LONDON — Another missed opportunity for Europe?
Over the past year, the European Union and the International Monetary fund have pledged €640 billion in bailout funds to distressed economies on the Continent’s periphery. Yet the interest rates on benchmark bonds in Greece, Ireland and Portugal remain at or near their historic highs.
Pressed yet again by a skeptical market to take action, Europe’s leaders cobbled together a new structure over the weekend that will allow its rescue fund, the European Financial Stability Facility, to disburse its entire €440 billion, or $615 billion, allotment if needed, and to buy bonds at government auctions. They also eased the conditions on Greece’s rescue loans by reducing interest rates and extending repayment terms.
Analysts and investors greeted the effort Monday with cautious approval, as euro zone finance ministers regrouped to work out more details.
But as has often been the case with grand European rescue plans, there appears to be a catch: While the European rescue facility can now buy bonds at government auctions, it will not be able to purchase paper in the secondary market. That will heap more pressure on an ever-reluctant European Central Bank to remain in its job as peripheral Europe’s buyer of last resort.
What is more, the plan states that the fund can buy bonds only from countries that have taken bailout funds, an odd stipulation that means that the country most in need of support at the moment — Portugal — does not get any.
Consequently, pressure on Portuguese 10-year bonds eased only slightly Monday, with interest rates sticking close to the 7.4 percent level at which they have traded for the past few weeks. Greek bonds rallied on the interest rate deal, but Irish bonds made only the smallest move as they did not receive a break on their interest rate. Spanish yields fell to 5.2 percent, still close to their high of 5.4 percent.
“What we have now falls short of what is required, which is a way to bring interest rates down,” said Dirk Hoffman-Becking, a banking analyst at Sanford C. Bernstein in London.
Mr. Hoffman-Becking argued that these persistently high rates only recycled fear and uncertainty via higher funding costs for banks and, ultimately, lower economic growth. He added that unless the E.F.S.F. stepped into the secondary market to buy bonds in large quantities, rates would remain high. That is because private investors remain unwilling to buy given the risk of default and the risk that austerity programs will undermine economic recovery.
Again, the example of Portugal is relevant. Last Friday, the government in Lisbon promised more spending cuts and revenue-raising measures to make good on its promise to bring the budget deficit down to 4.6 percent of gross domestic product, from 7.4 percent this year. But with one of the lowest growth rates in Europe, an uncompetitive export industry and public debt at 80 percent of G.D.P., investors see little upside in buying Portuguese bonds now, even at such wide spreads to comparable German bonds.
For the most part, the E.C.B. has been unwilling to step in aggressively — it has purchased only €77 billion in peripheral-country bonds so far.

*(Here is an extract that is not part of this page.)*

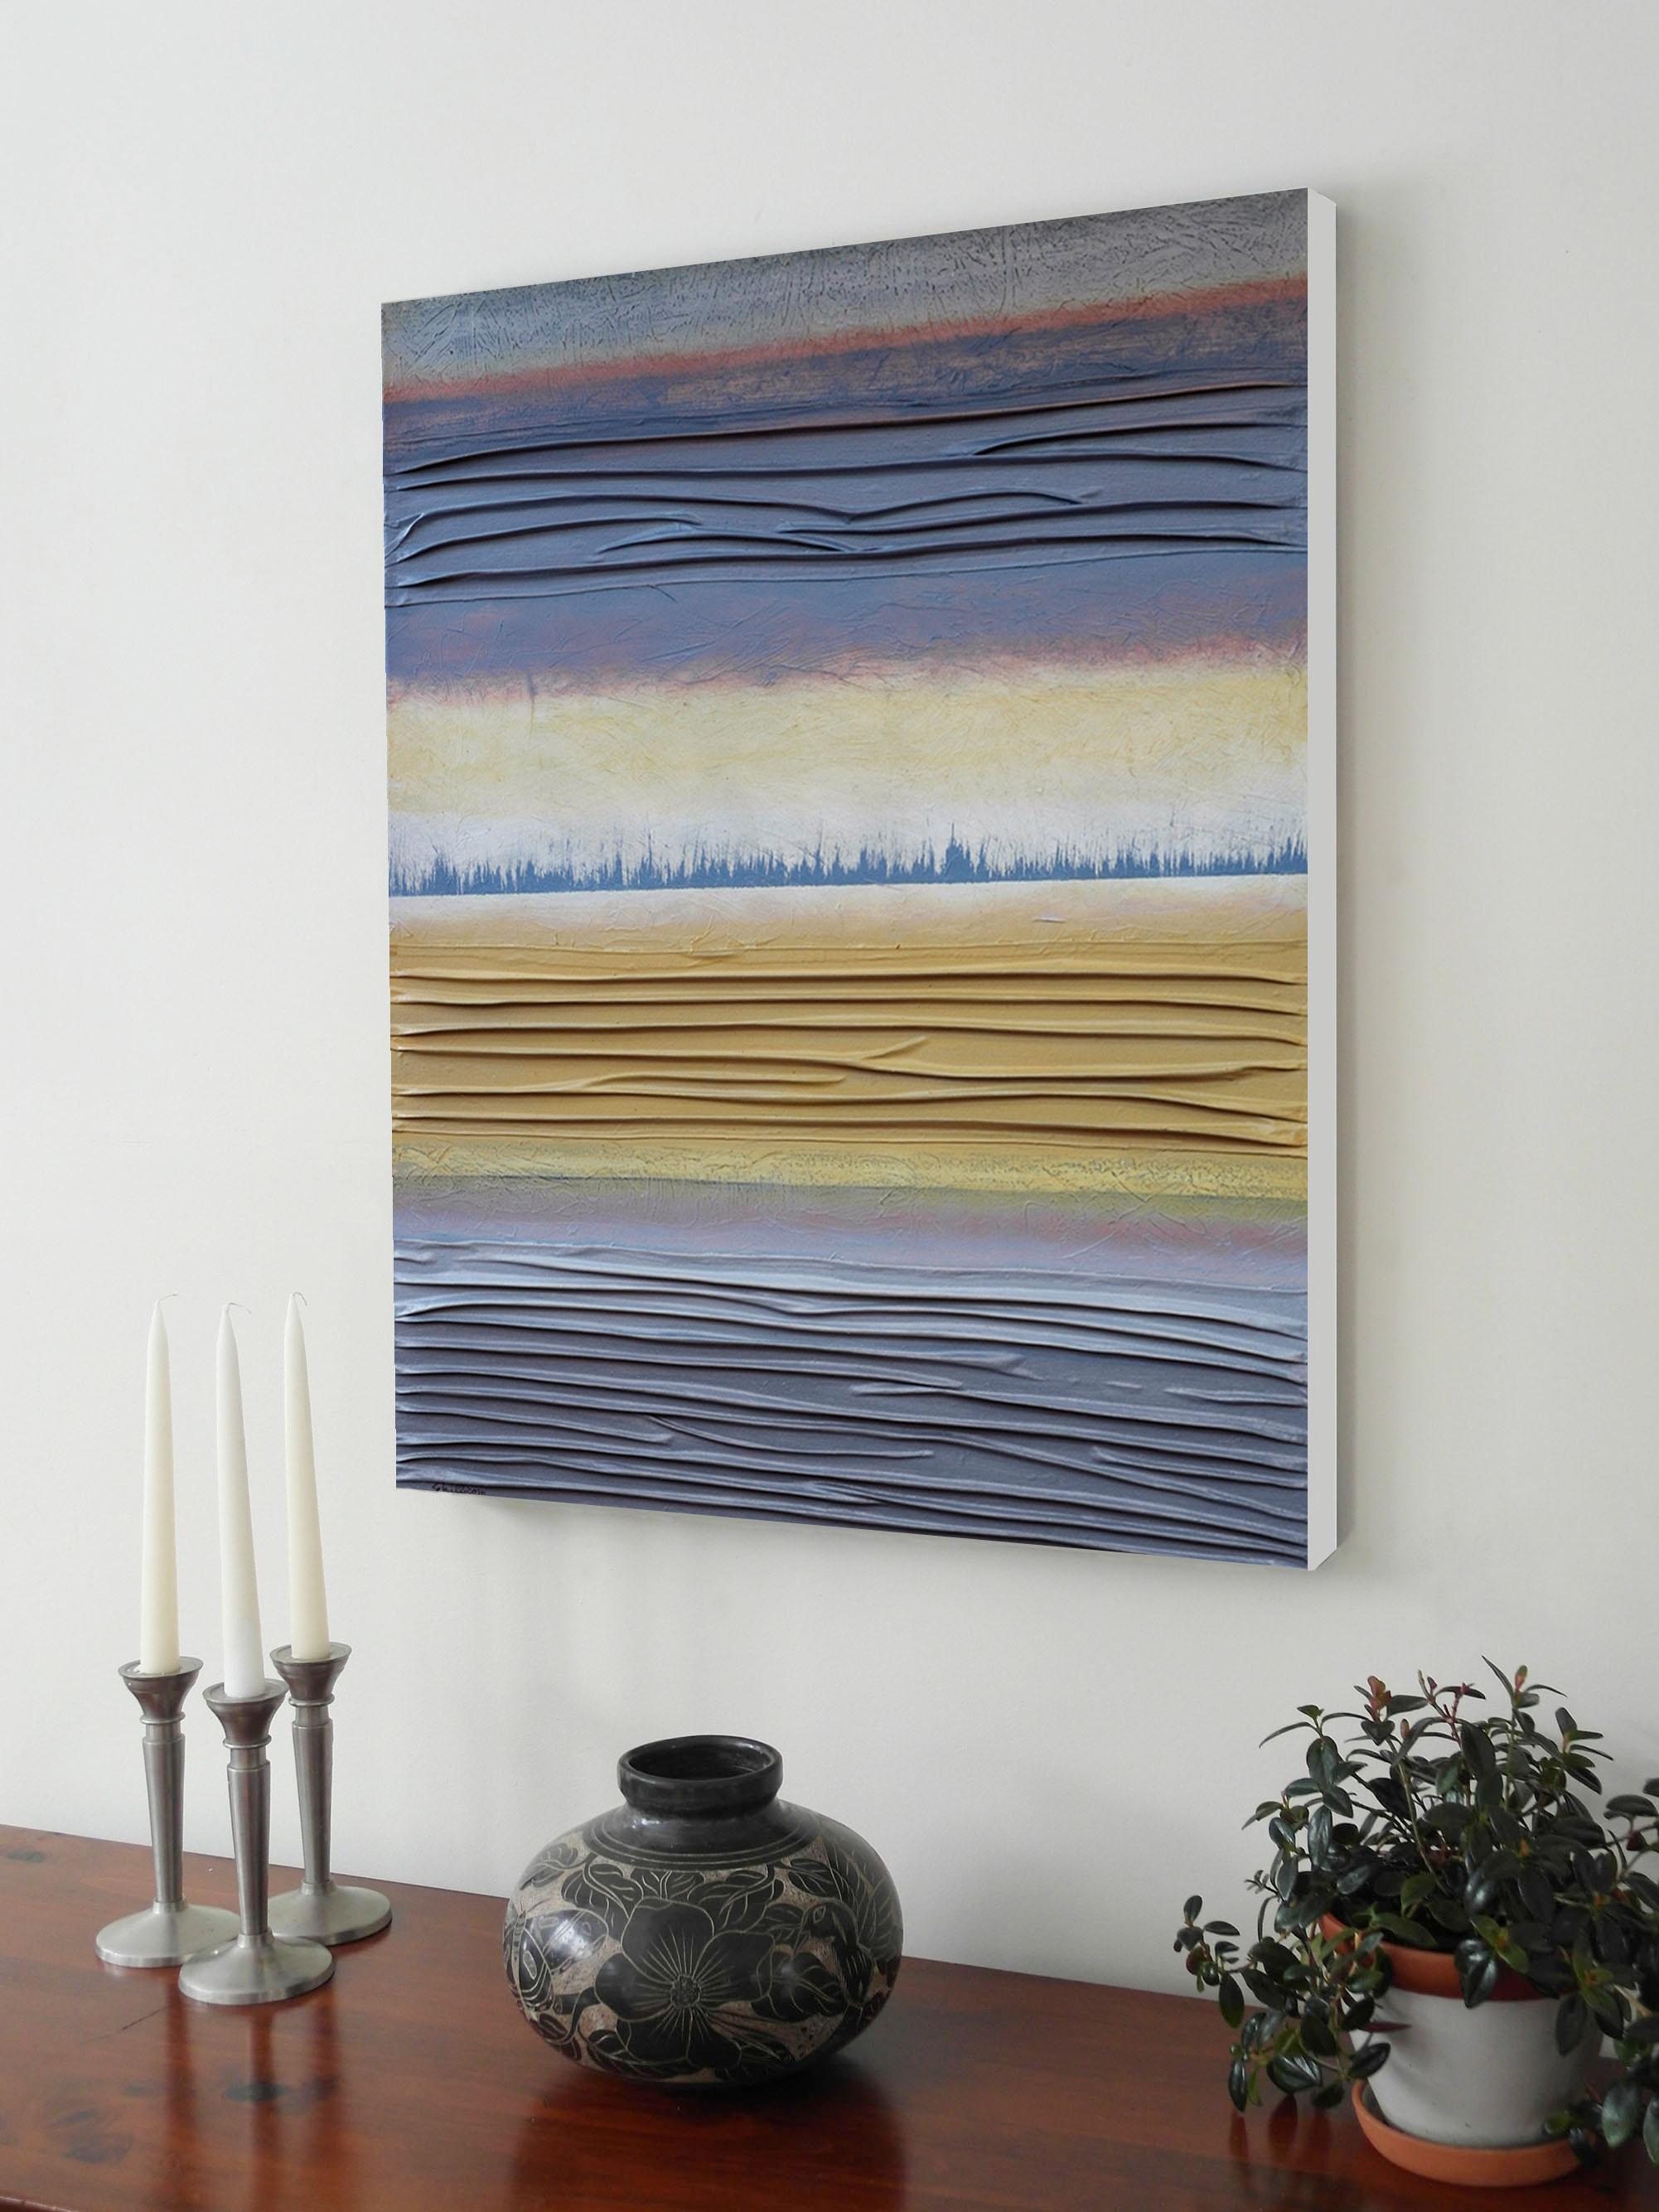 <p>Artist Comments<br />With the suggestion of a sunlit horizon, this mixed media oil painting brings to mind a morning view along the coast, with rippling water in the foreground and slowly rising clouds overhead. David explains that 'adagio' is
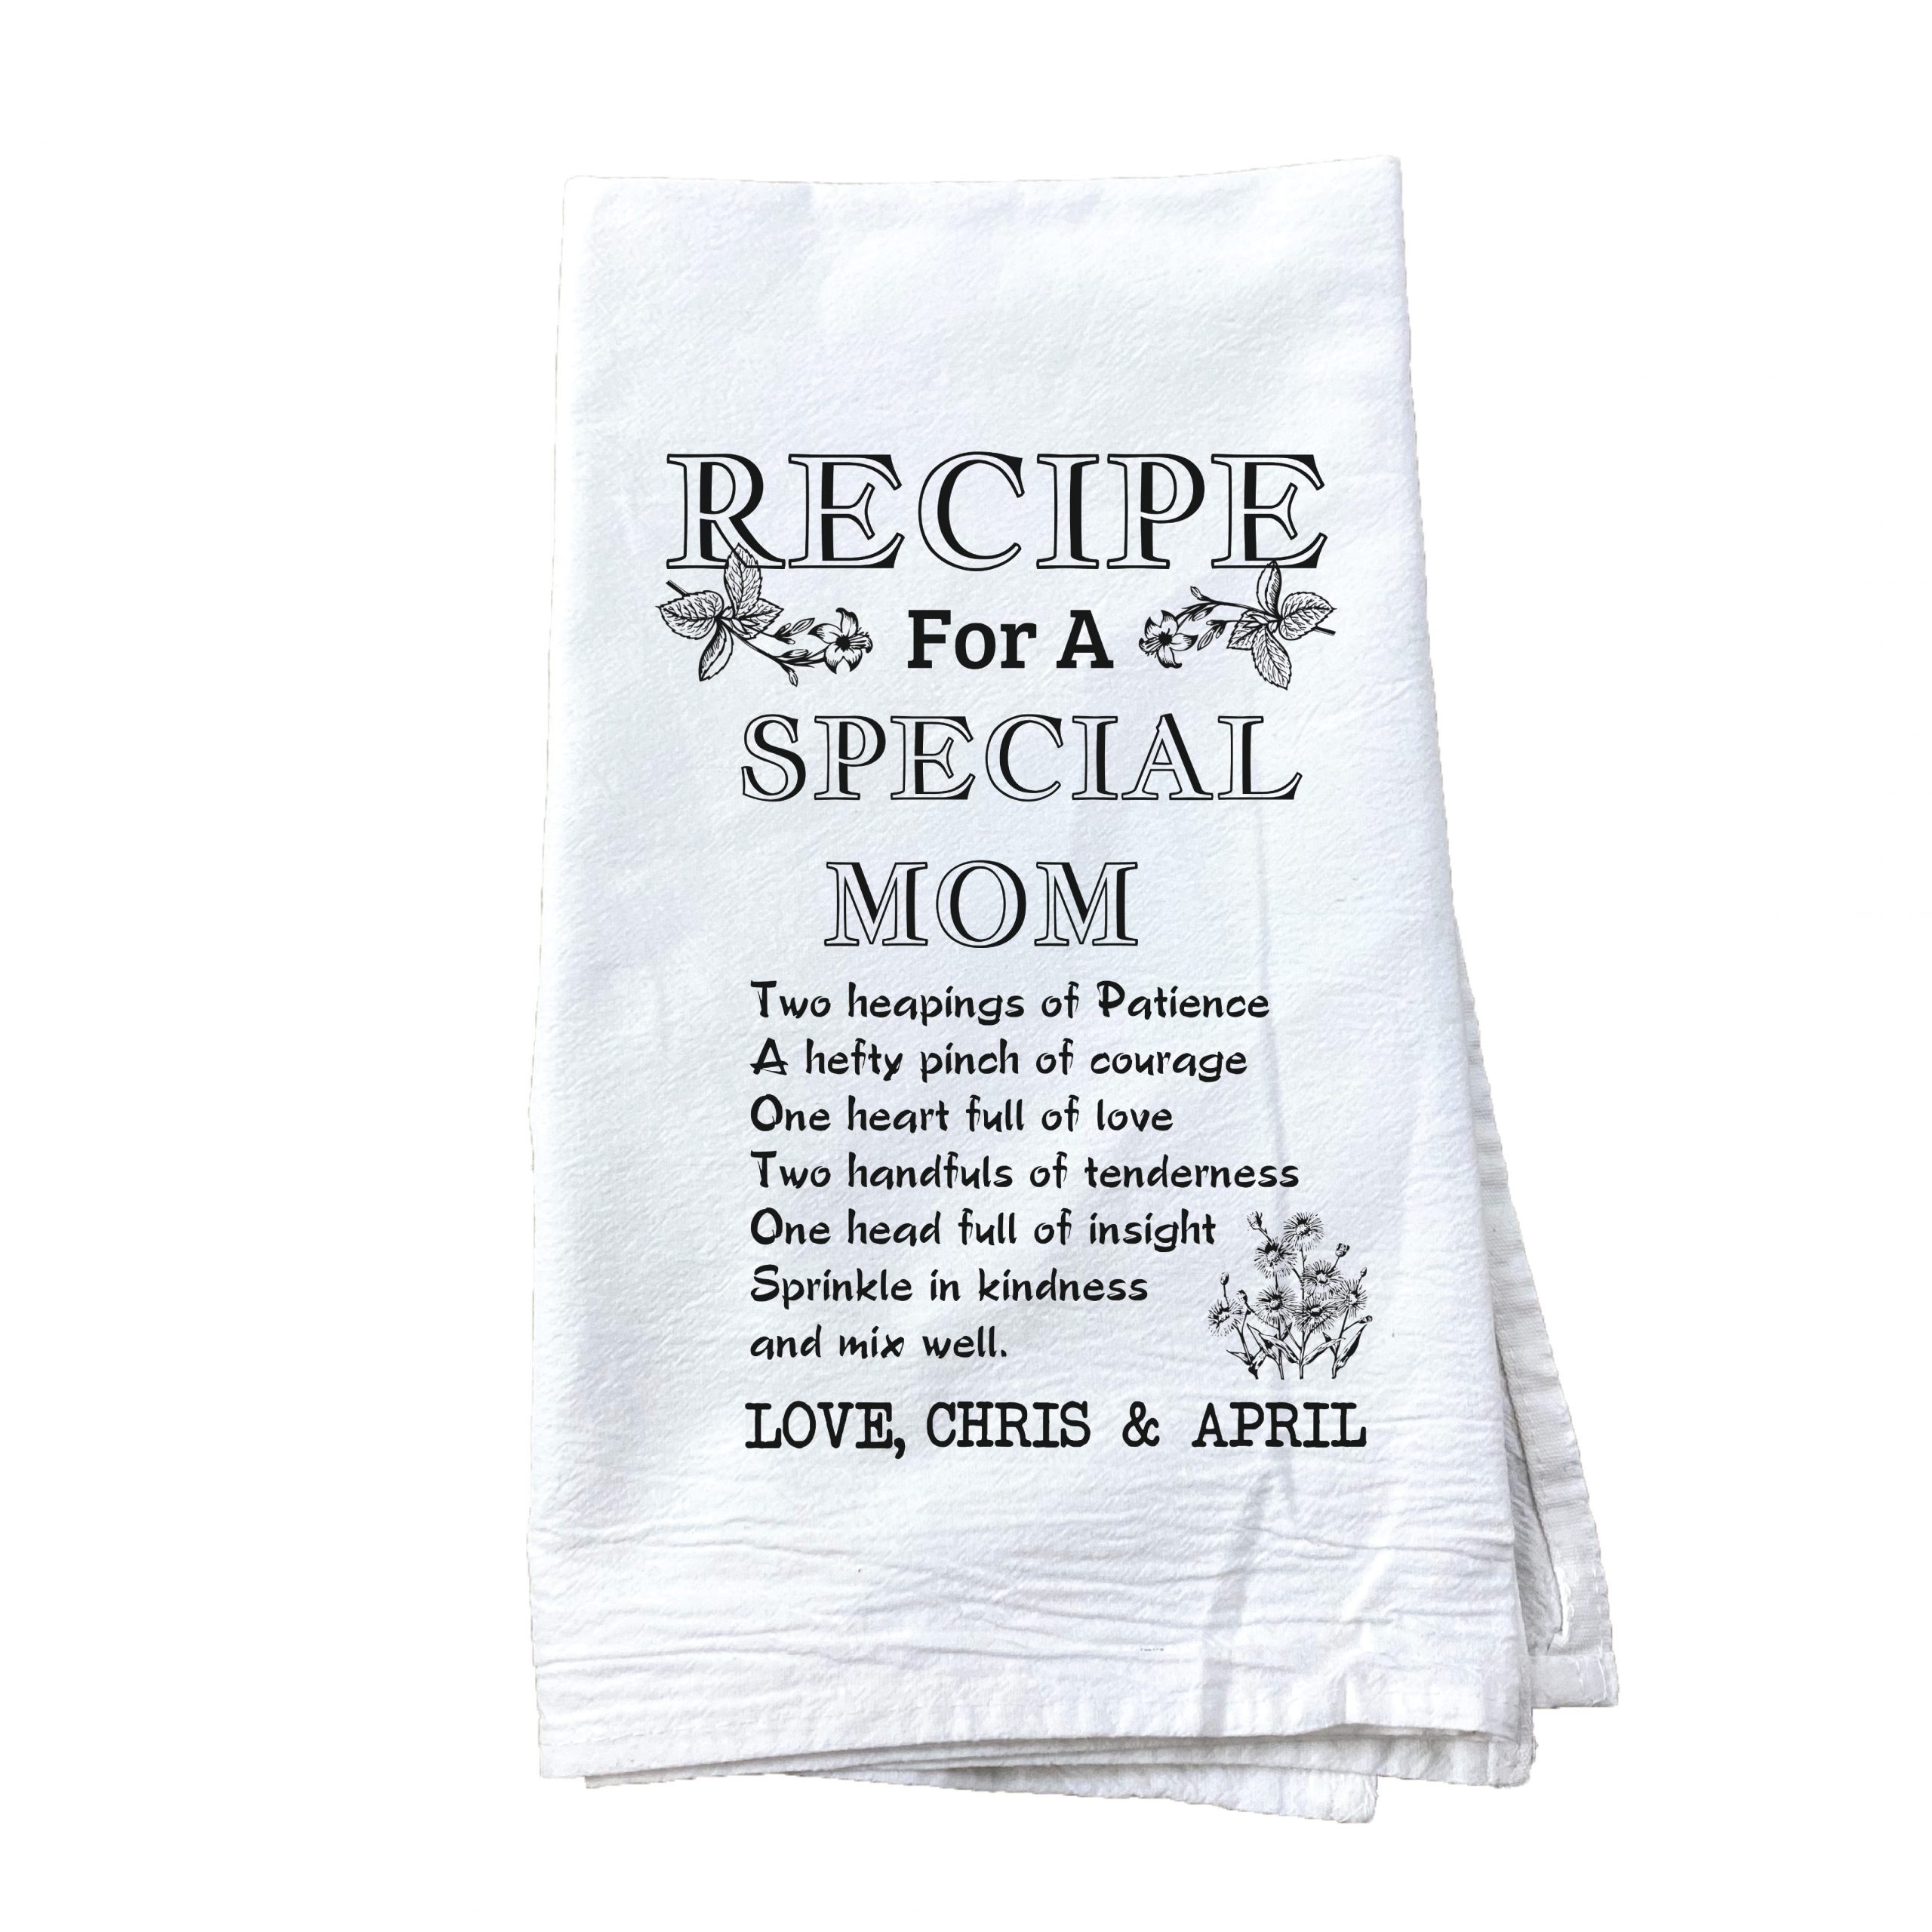 https://cottoncreations.com/content/uploads/2022/01/Recipe-for-a-special-Mom-on-towel-scaled.jpg

On Monday, the bank reported that it had not bought any bonds last week, for the second week in a row.
Thus, the lack of a big buyer is expected to keep rates high and continue to feed market unease. And that in many ways remains the unsolved root of Europe’s sovereign debt crisis.
Euro zone governments and the I.M.F. are asking that investors take a leap of faith and accept that the bone-crunching austerity programs in Greece, Ireland and Portugal, underpinned by tax increases and sharp wage reductions, will reduce deficits and ultimately high levels of debt.
But, as a comprehensive new report on the origins of Europe’s debt crisis by the investment bank Nomura points out, what is more likely to happen is that the debt of countries like Greece and Ireland will merely increase in what economists call a snowball effect, as the interest rate on the government’s debt grows faster than their stagnating economies.
That problem will only be compounded when the European Central Bank increases interest rates, which it has warned it will do.
The result is a Catch-22 of sorts: the faster and deeper these countries cut, the slower they grow, with the perverse effect that their debt ends up increasing as opposed to decreasing.
“In the short term, this problem is inevitable — your debt will continue to increase as long as your growth rate is below the interest rate you are paying,” said Peter Westaway, European economist at Nomura in London and one of the authors of the report.
In 2013, for example, Greece’s debt will have increased to almost 160 percent of G.D.P. from 127 percent of G.D.P. And while the country was quick to hail its improved terms, the bottom line still remains that by 2014 it must begin paying interest equivalent to about 8 percent of its G.D.P. — a huge amount by any measure.
For now, Greece has time. But with growth expected to shrink again this year, by 3.4 percent, and with unemployment now at about 15 percent, how long the Greek government, or any government for that matter, can continue to expect so much public sacrifice to pay off its bankers remains to be seen.